Pada saat itu dikhawatirkan bahwa bila perekonomian Indonesia turun dari angka 5,2 persen per tahun, maka kekhawatiran itu akan terjadi. Lebih parah lagi, jangankan mencapai target minimal tersebut, pertumbuhan ekonomi ini bahkan terpuruk sampai minus 5,32 persen. Dengan kontraksi ini, penerimaan negara juga akan mengalami kontraksi bahkan hingga 10%. Kondisi ini tercermin dari revisi penerimaan negara menjadi sebesar Rp 1.760,9 triliun atau hanya 78,9% dari target sebelumnya sebesar Rp 2.233,1 triliun di APBN 2020.
Tidak berhenti sampai disini, pengeluaran negara juga akan diperkirakan terus meningkat untuk memitigasi pandemi ini. Belum lagi recovery ekonomi pasca pandemi yang tentunya membutuhkan dana yang tidak sedikit, pun kita juga tidak tau sampai kapan pandemi ini akan berlangsung.
Kita berharap pada dampak yang diharapkan dari stimulus yang digelontorkan pemerintah berupa bantuan sosial, belanja barang dan jasa lainnya, serta transfer ke daerah dan dana desa (TKDD). Disamping menggerakkan dari sisi permintaan, stimulus ini juga menggerakkan dari sisi penawaran sehingga sakit ini akan secara sinergis dapat terobati. Bank Indonesia memberikan sinyal meningkatnya konsumsi masyarakat pada periode ini menjadi sebesar minus 4 persen dibandingkan dengan periode sebelumnya yang berada pada angka minus 5,5 persen. Tapi apakah yang bergerak ini merupakan konsumsi seluruh lapisan masyarakat. Sepertinya stimulus ini hanya menggerakkan konsumsi masyarakat menengah bawah dan tidak masyarakat menengah atas. Kelompok masyarakat
menengah, masih cenderung untuk menahan hasrat mengkonsumsinya terutama untuk barang dan jasa yang masih sangat sensitif terhadap pandemi ini.
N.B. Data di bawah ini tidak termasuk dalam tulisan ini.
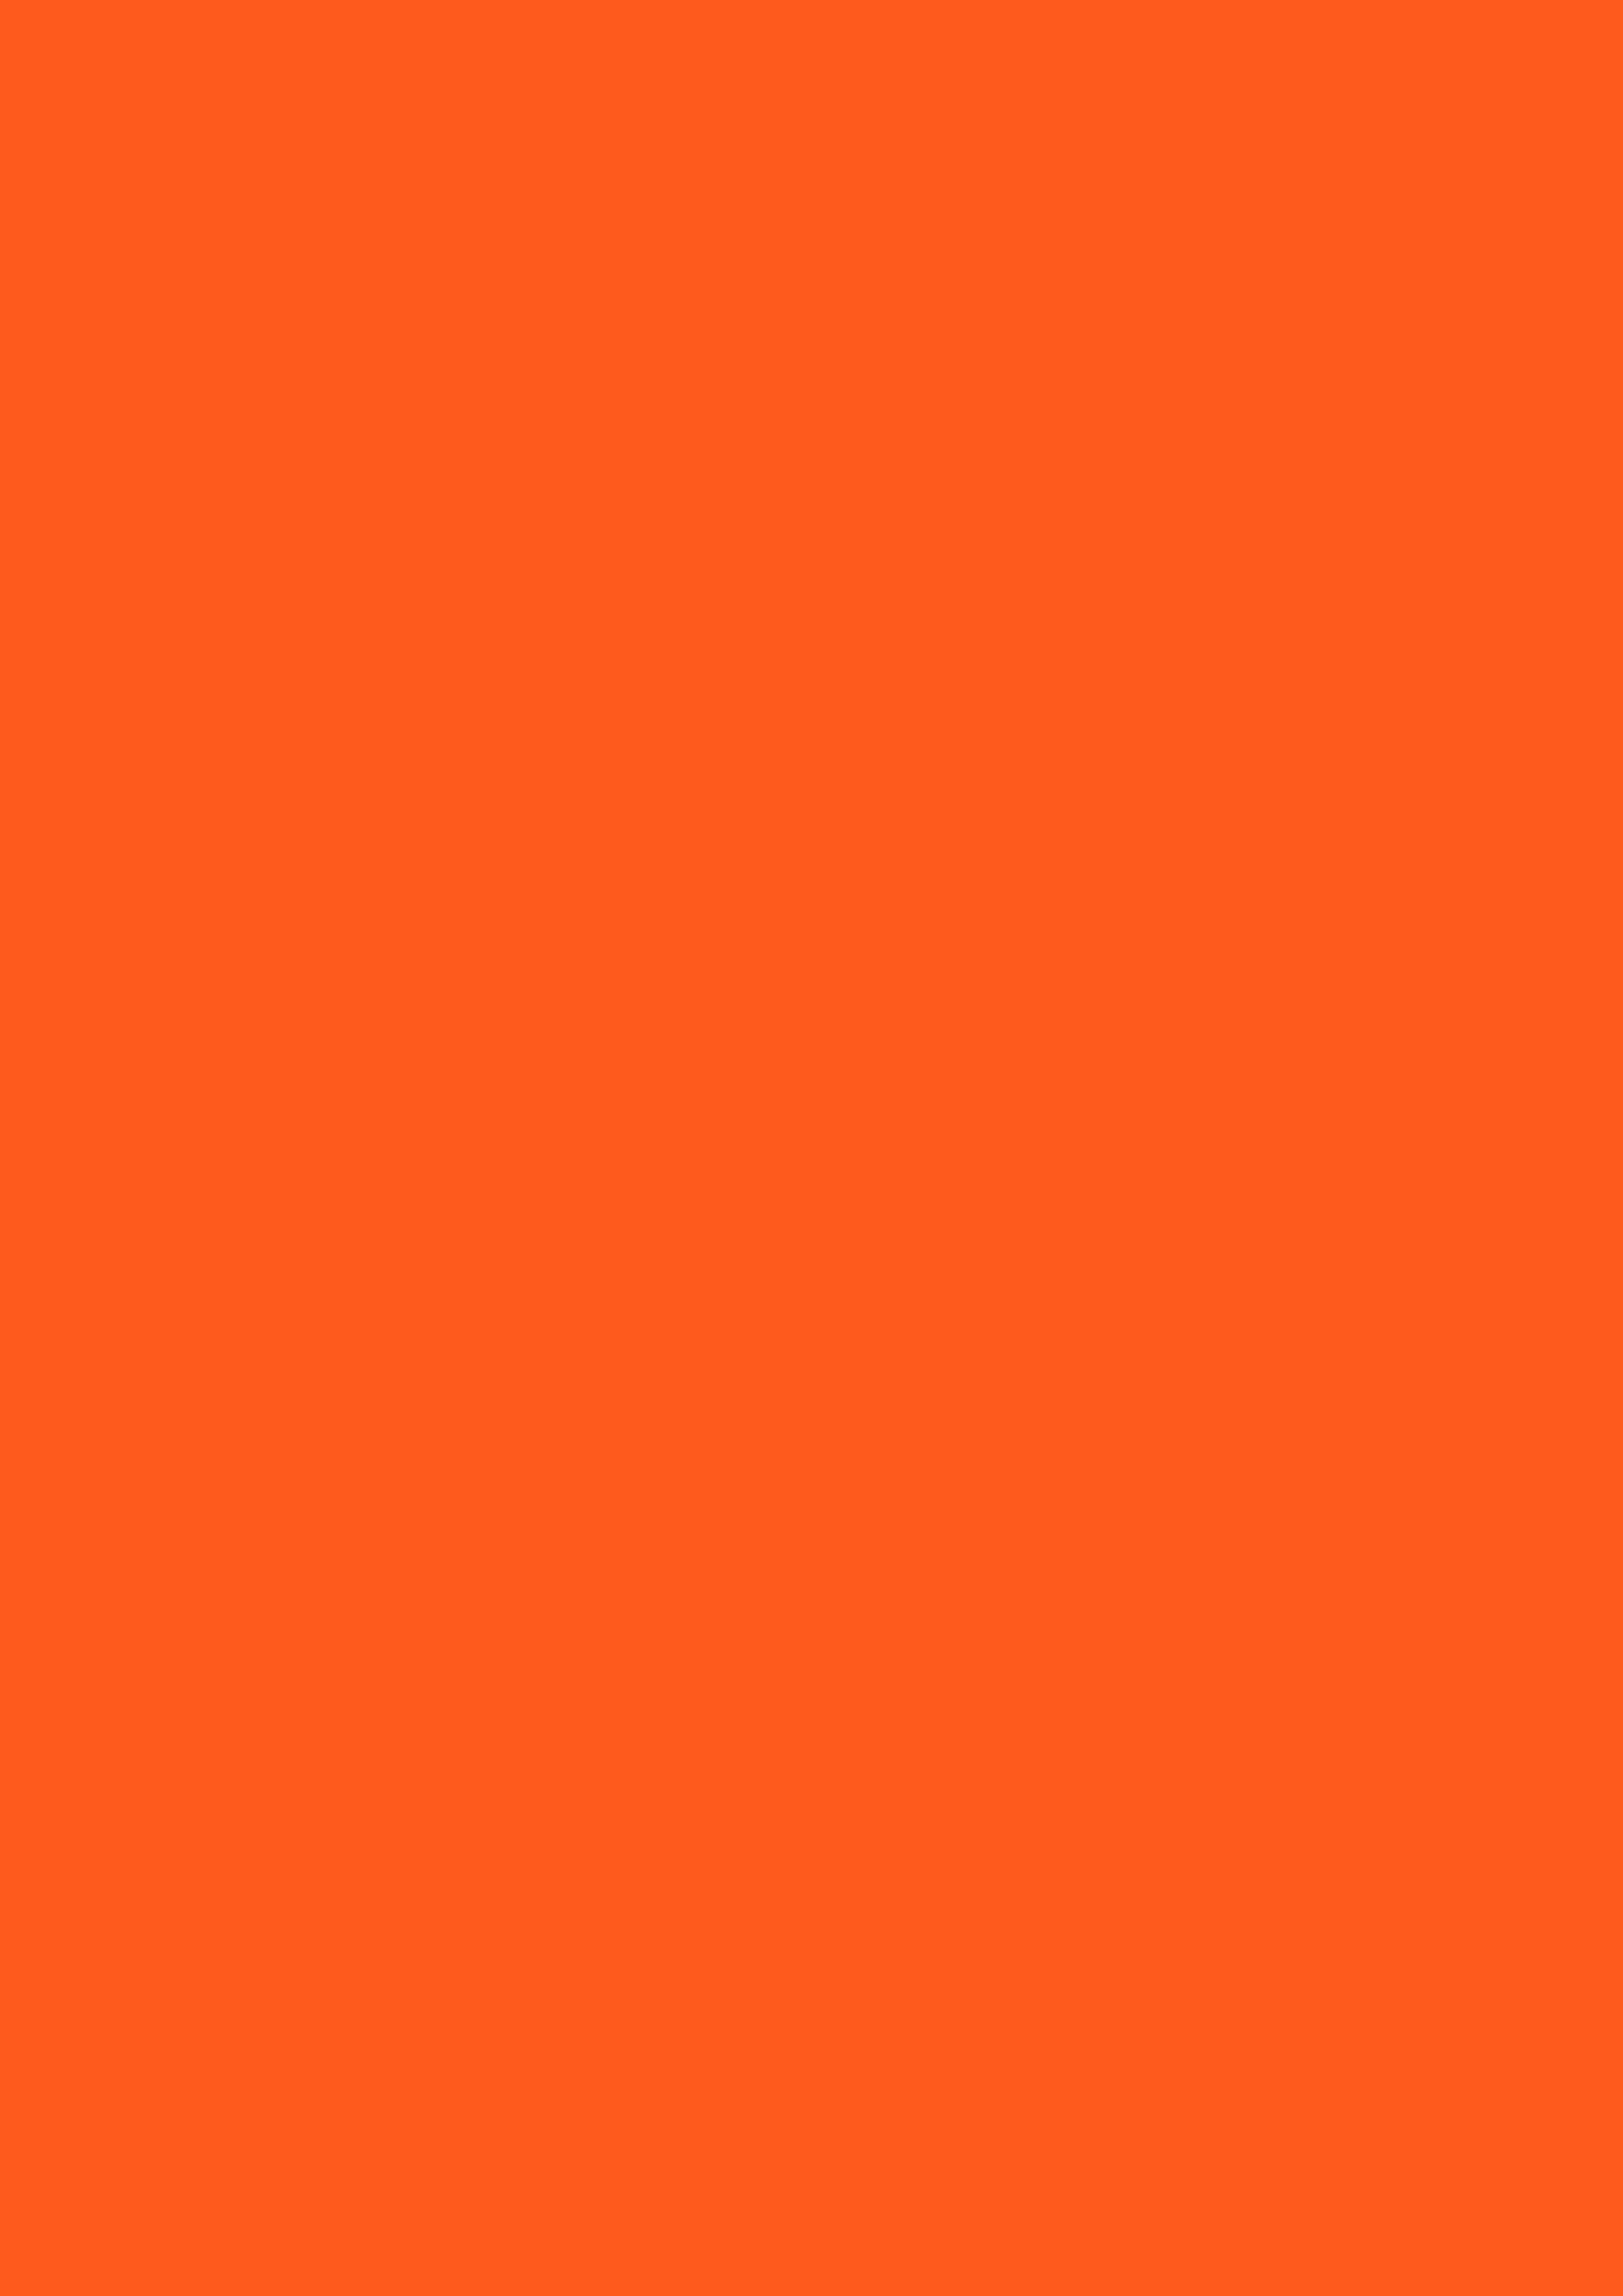 2480x3508 Giants Orange Solid Color Background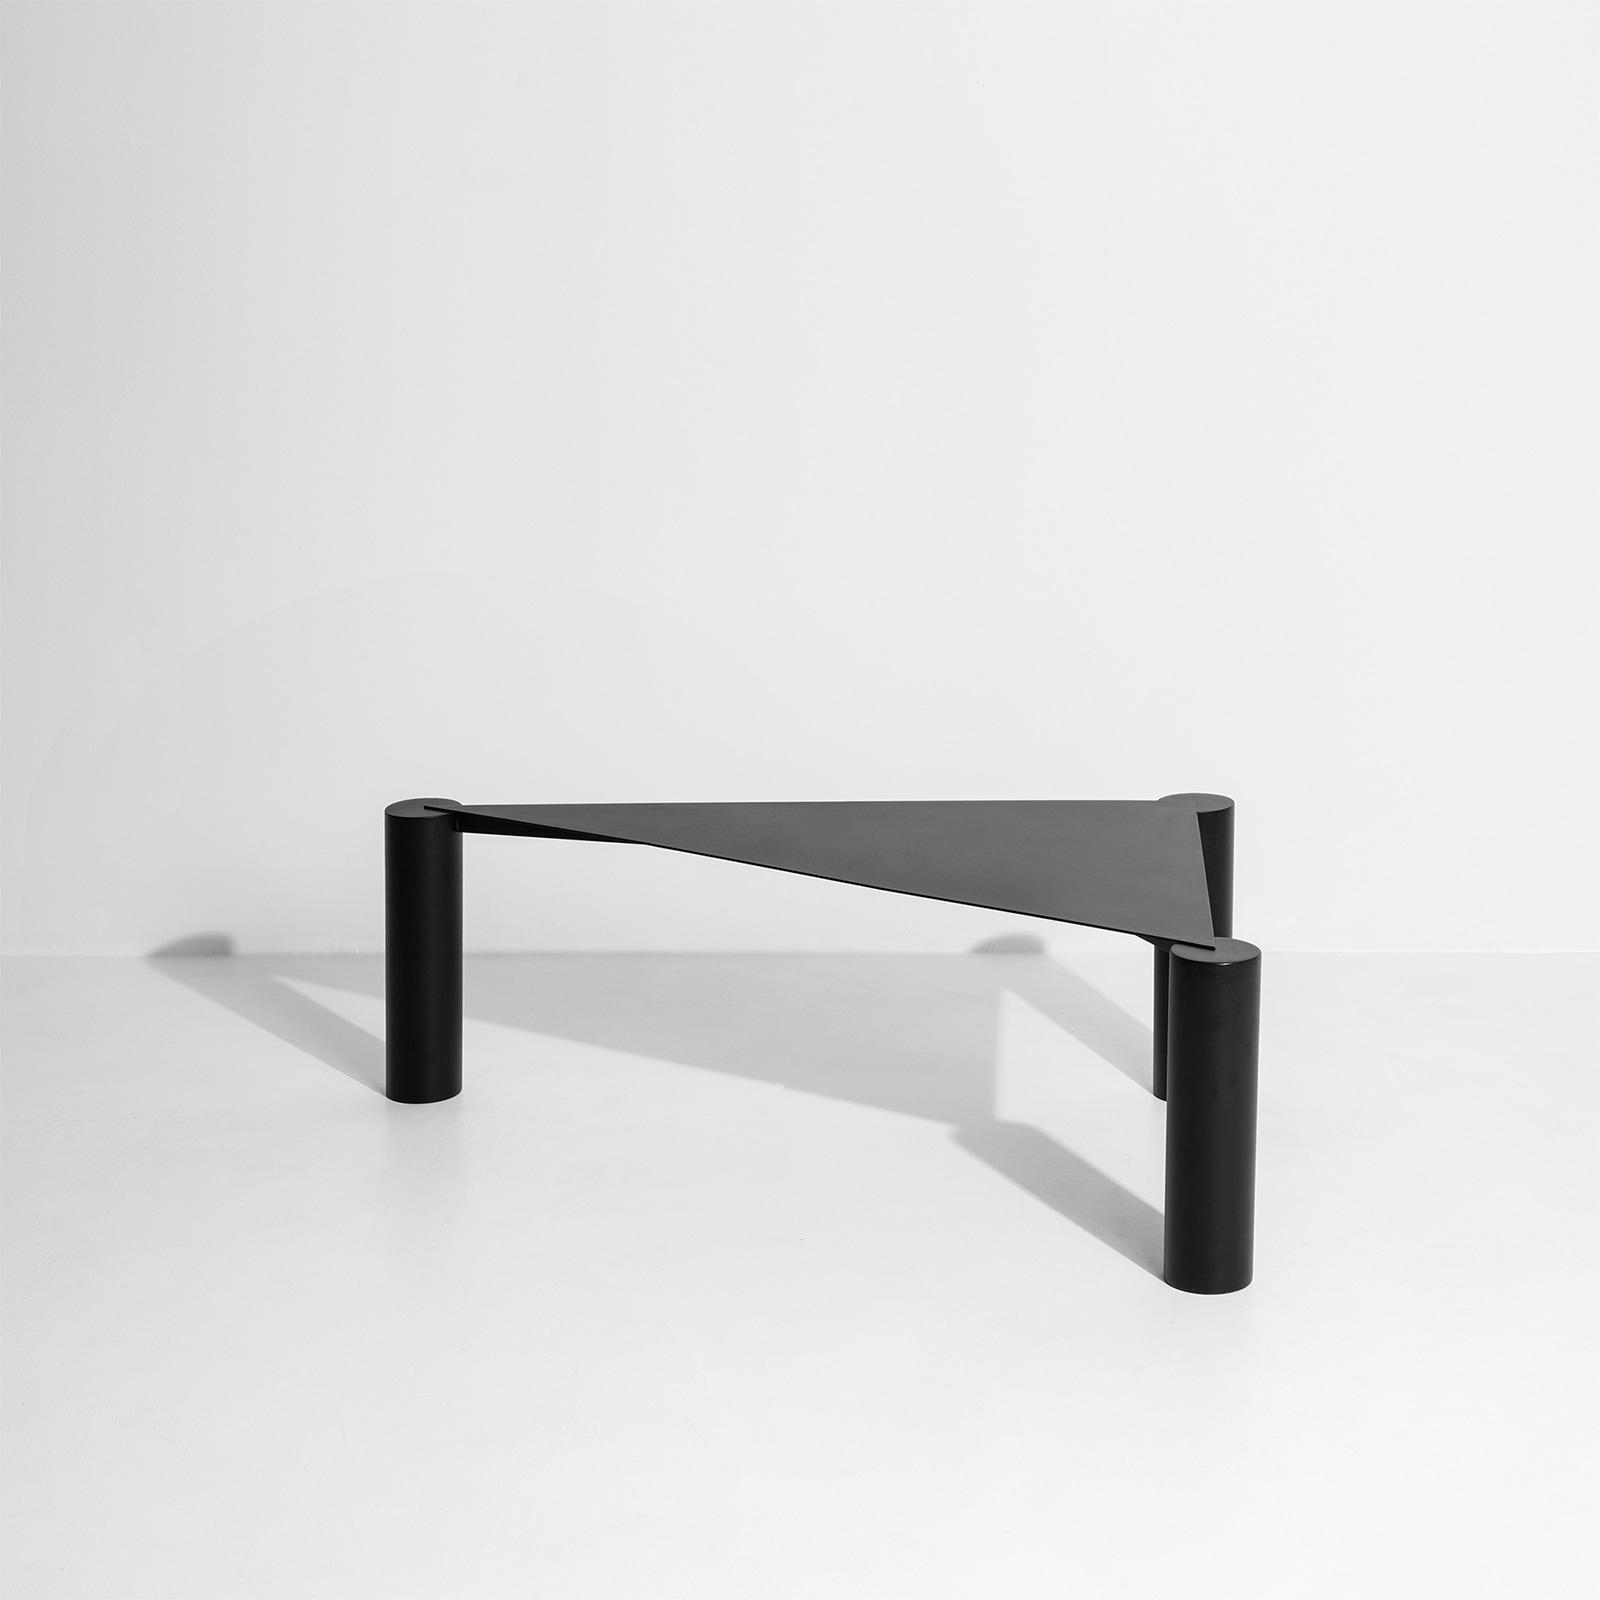 Featuring thin top oversized le - minimalissimo | ello

Sebagai contoh, lihatlah bagaimana stagnannya penjualan mobil pada saat pemerintah melalui menteri perindustrian mewacanakan untuk memangkas pajak penjualan mobil menjadi nol persen.
Belum lagi yang perlu pemerintah lakukan evaluasi dalam penggunaan dana stimulus perekonomian ini apakah benar mengena pada sasaran yang tepat. Stimulus bantuan produktif bagi UMKM sebesar 2,4 juta rupiah dan stimulus masyarakat berpenghasilan dibawah lima juta harus dilakukan secara baik. Dana stimulus dalam rangka pemulihan ekonomi nasional perlu segera direalisasikan tentunya dengan mempertimbangkan ketepatan sasarannya. Penyaluran dana PEN senilai total Rp 695 triliun baru terealisasi 52%. Dana Transfer ke Daerah dan Dana Desa yang mencapai Rp 572 triliun pun baru tersalurkan 41%. Semoga dana yang tersedia dari utang ini termanfaatkan secara efektif dan tepat sasaran.